Jin Yut Lew, who immigrated to the U.S. in the early 1980s and has worked to support his family here and in China, may suffer permanent brain damage, according to his doctors, the site stated.
As they hope for his recovery, Alford Lew reflected on his dad’s hard-working life as a chef.
“As a father, he provided all he could to ensure my brother and I got a good education. In the Chinese restaurant community, he was a well-respected head chef who over 40 years gave many new immigrants their first starts and trained them in his kitchen,” the site said.
For 30 years he worked as head chef at the Chi Tung restaurant in Evergreen Park but was now working on a new project, Alford Lew said.
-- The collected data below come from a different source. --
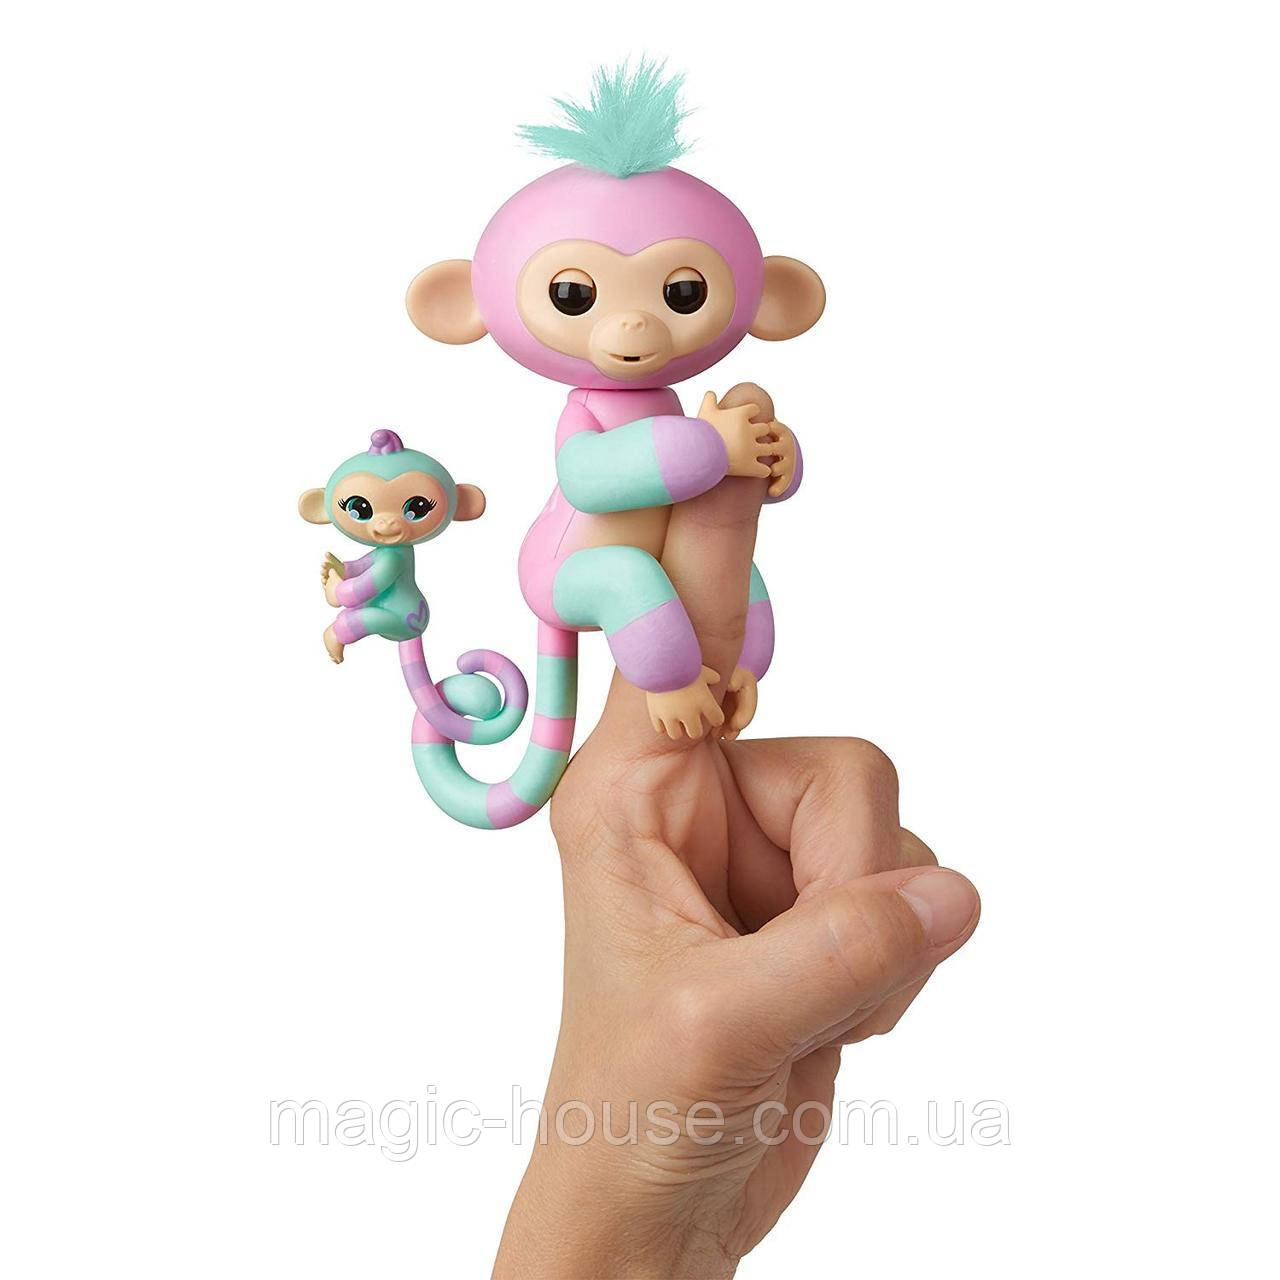 Оригинал Интерактивная обезьянка Fingerlings Baby Monkey Ashley & Chance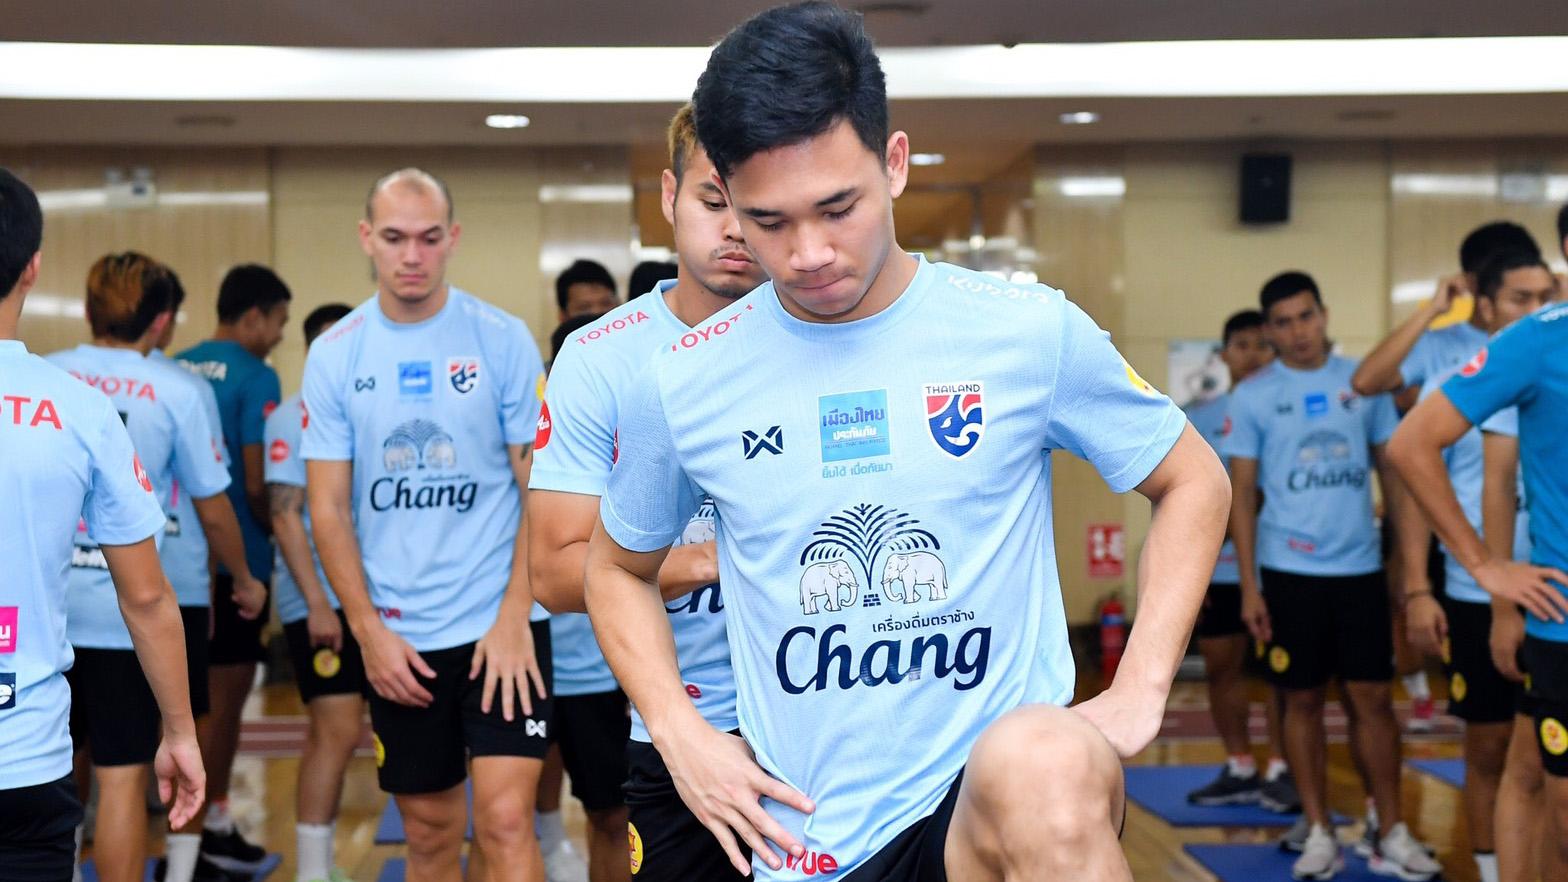 Bong da, bóng đá hôm nay, bóng đá việt nam, lịch thi đấu vòng loại World Cup 2022 bảng G, bảng xếp hạng World Cup, Việt Nam vs Thái Lan, Đình Trọng, Sea games 2019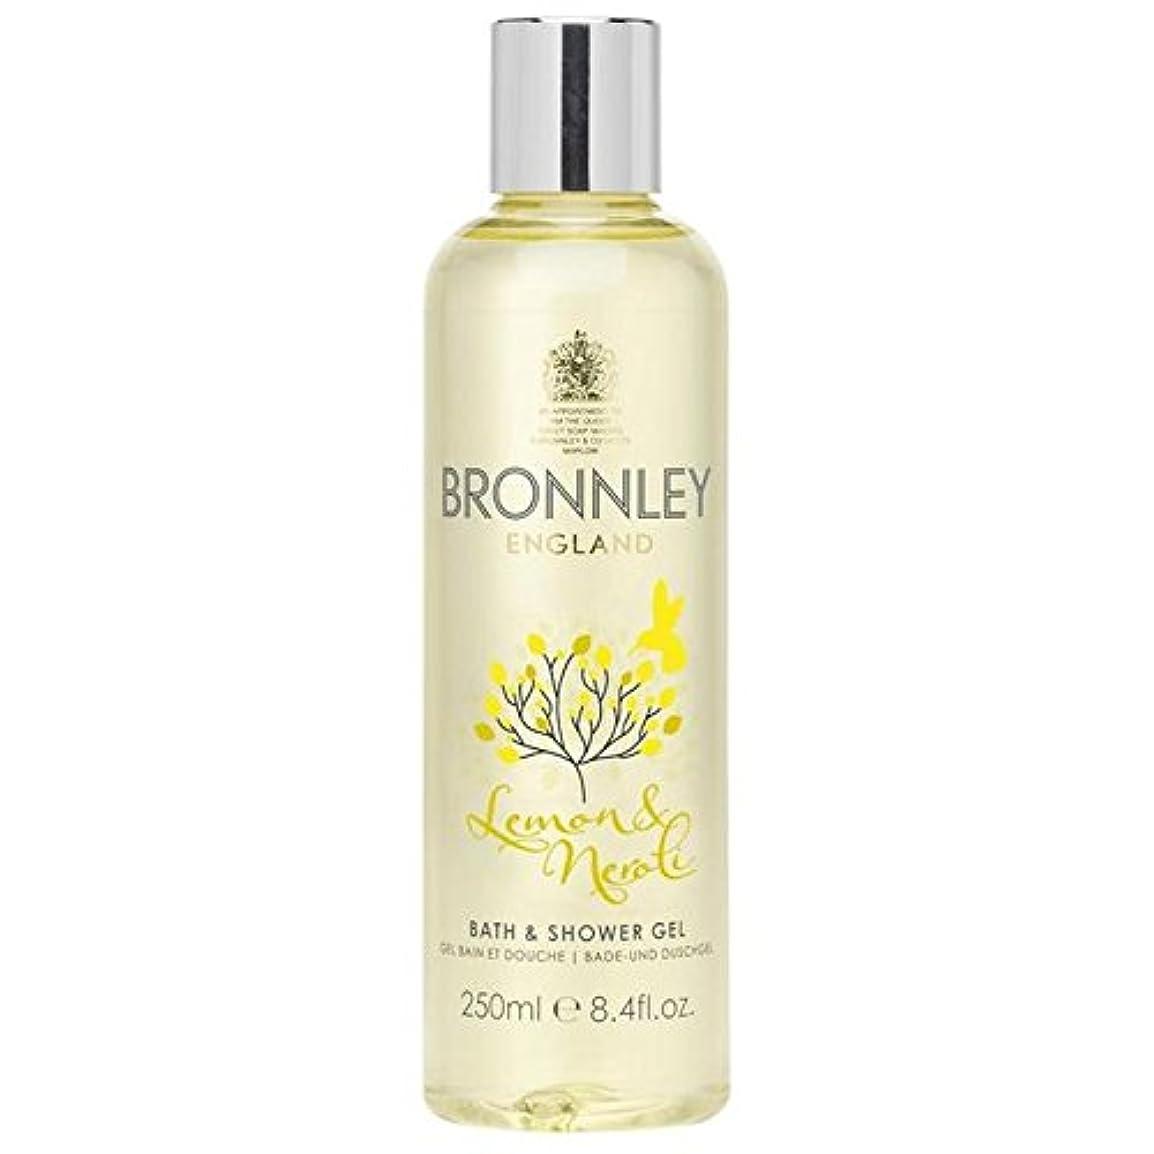 マットコメントましいレモン&ネロリバス&シャワージェル250ミリリットル x4 - Bronnley Lemon & Neroli Bath & Shower Gel 250ml (Pack of 4) [並行輸入品]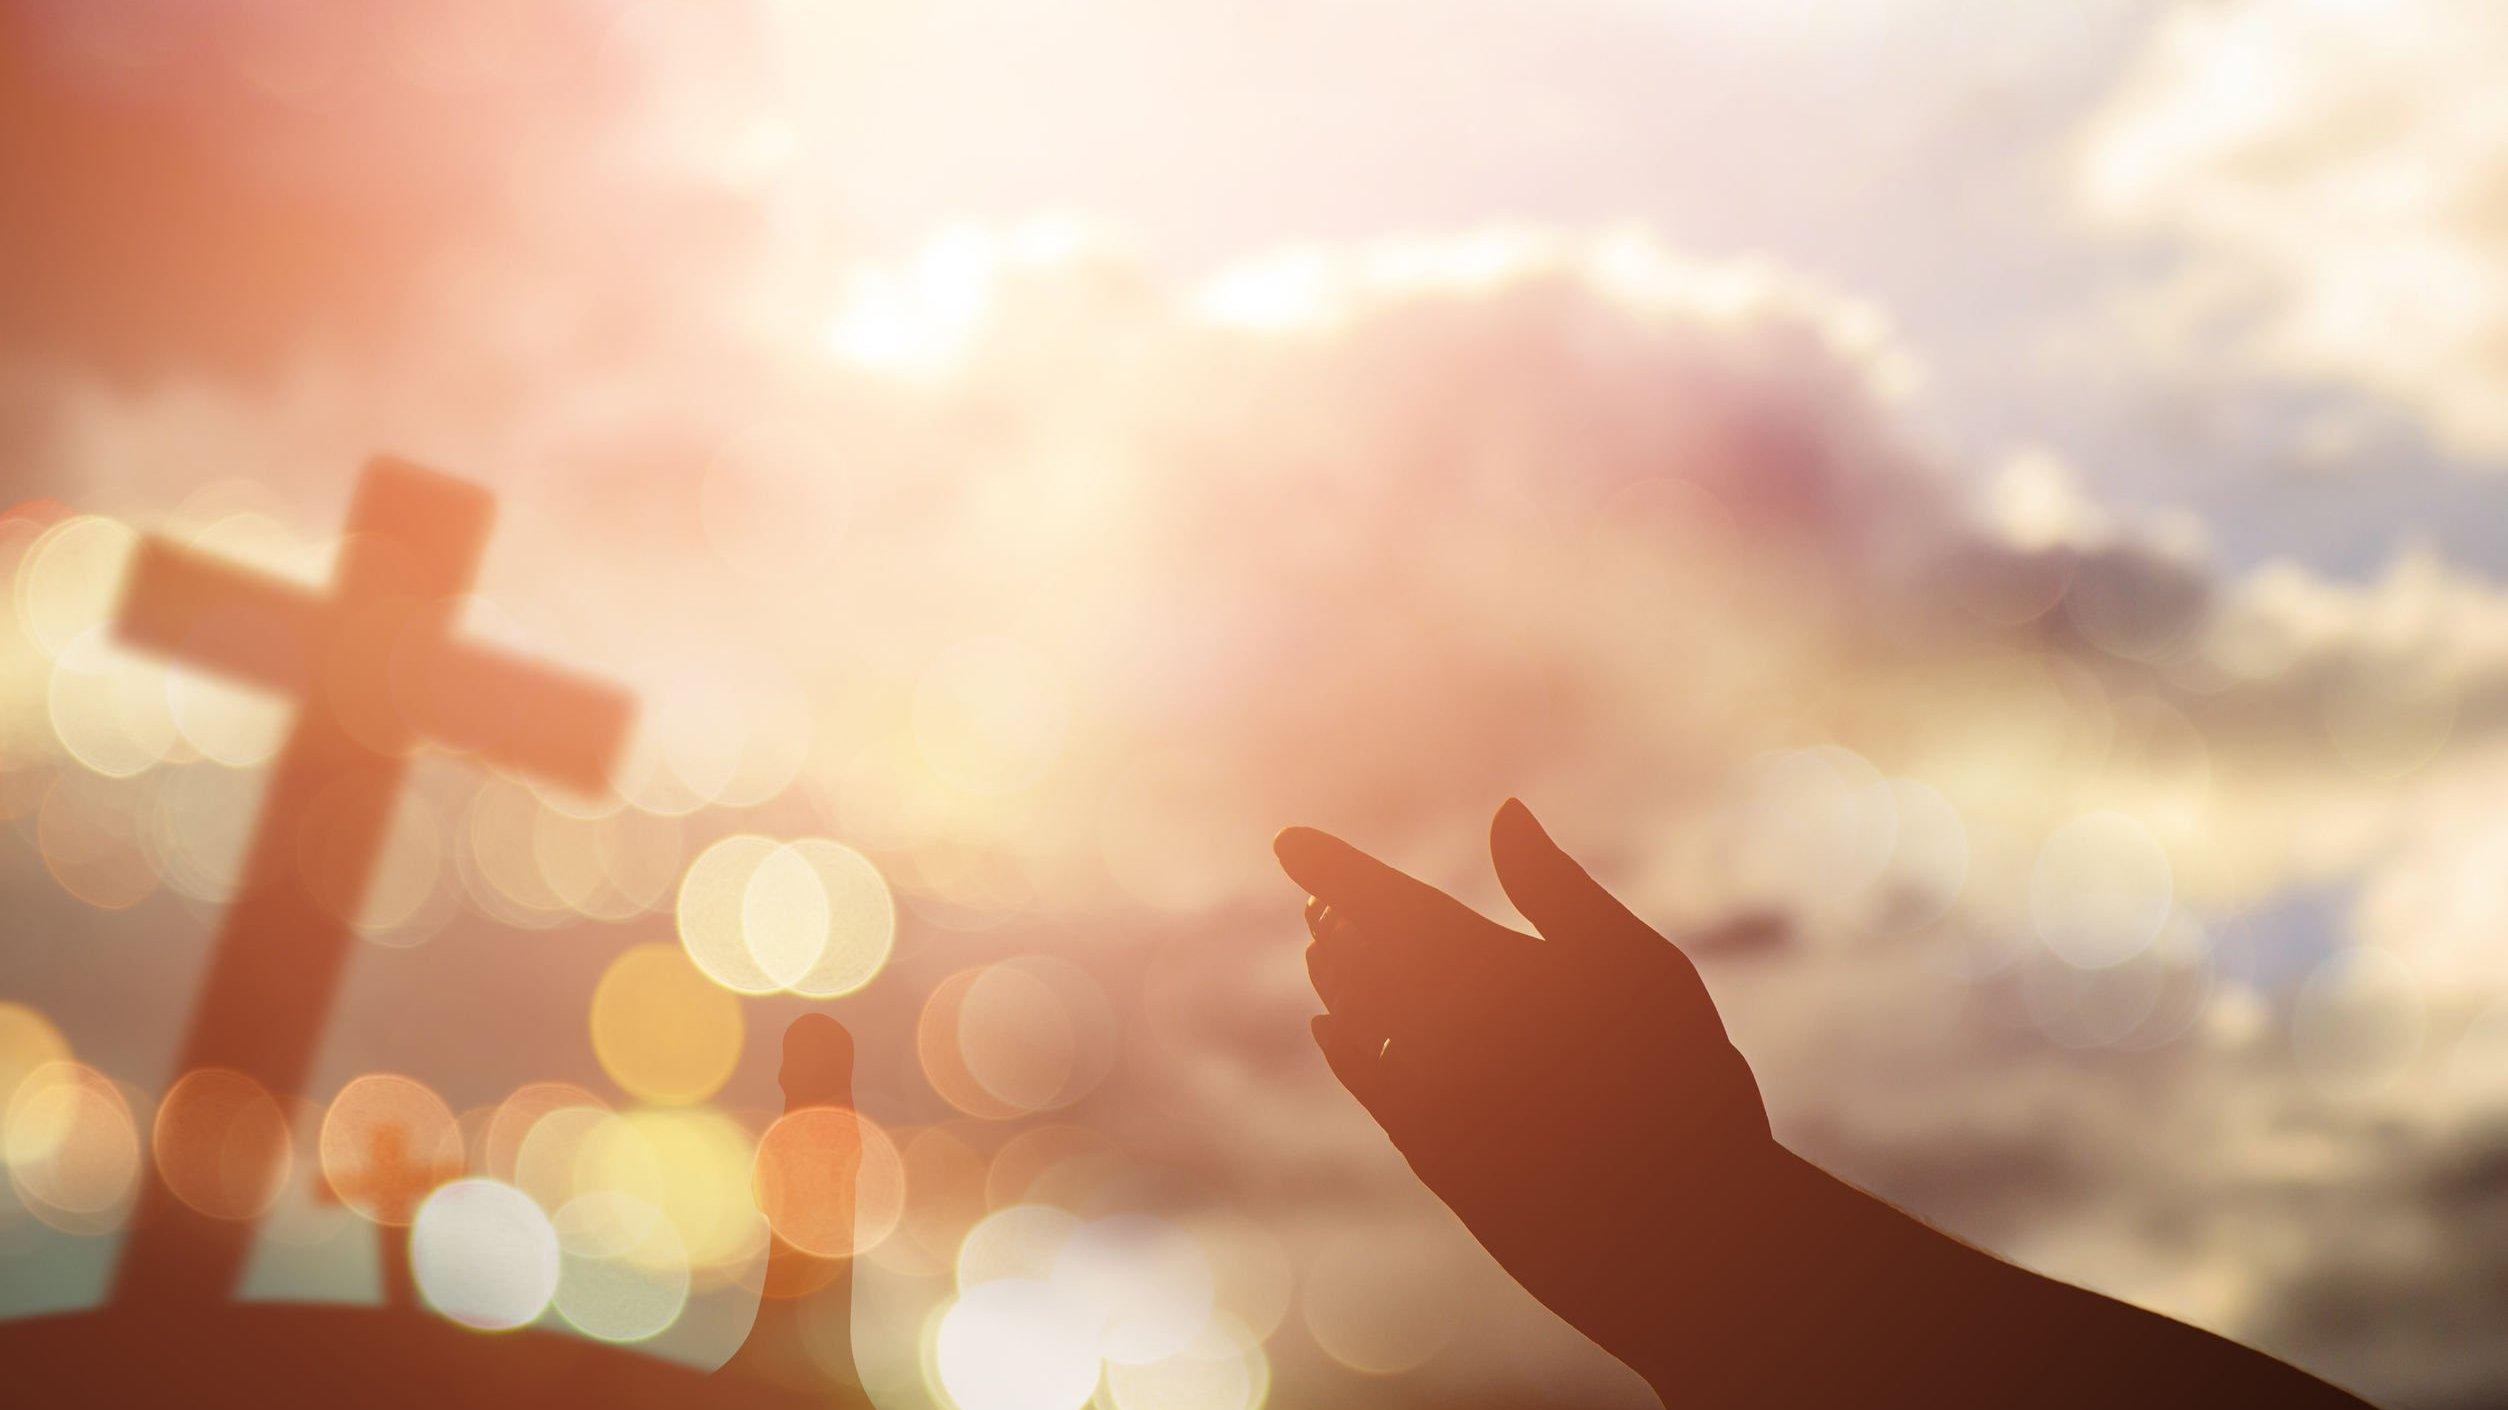 Mãos de pessoa orando, apontando para cruz.

“With this injury, his work in the kitchen will likely be over. The road to recovery will be long and we are asking for help to assist with the medical bills, physical therapy and home care that this tragic incident will incur,” the posting said.
Area 1 detectives are investigating, but no arrests had been made as of Thursday, Lemus-Cortez said.
According to police data, carjackings in the city during the first quarter of 2022 were up slightly over the same period a year ago. There were more than 1,800 reported carjackings in 2021, according to the data, triple the number seen just two years earlier.